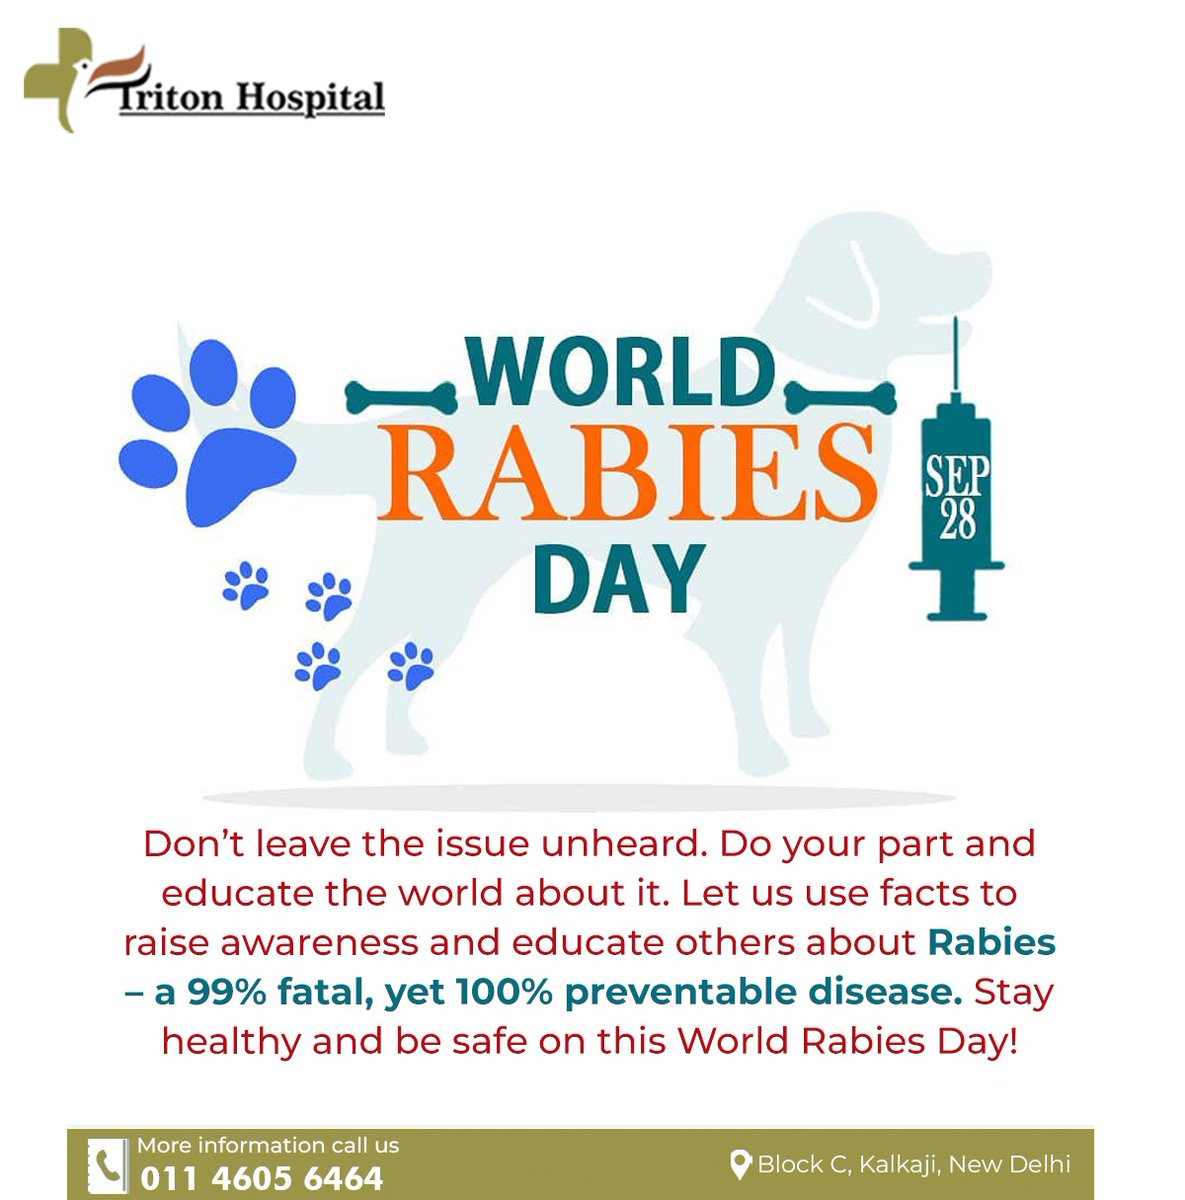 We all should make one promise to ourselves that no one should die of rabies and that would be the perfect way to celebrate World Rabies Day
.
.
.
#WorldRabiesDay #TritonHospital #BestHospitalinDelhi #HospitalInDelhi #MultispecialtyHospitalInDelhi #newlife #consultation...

**Task directions**:
Copy each line of the records above without change, but do not include any picture.

**Response**:
 We all should make one promise to ourselves that no one should die of rabies and that would be the perfect way to celebrate World Rabies Day
.
.
.
#WorldRabiesDay #TritonHospital #BestHospitalinDelhi #HospitalInDelhi #MultispecialtyHospitalInDelhi #newlife #consultation...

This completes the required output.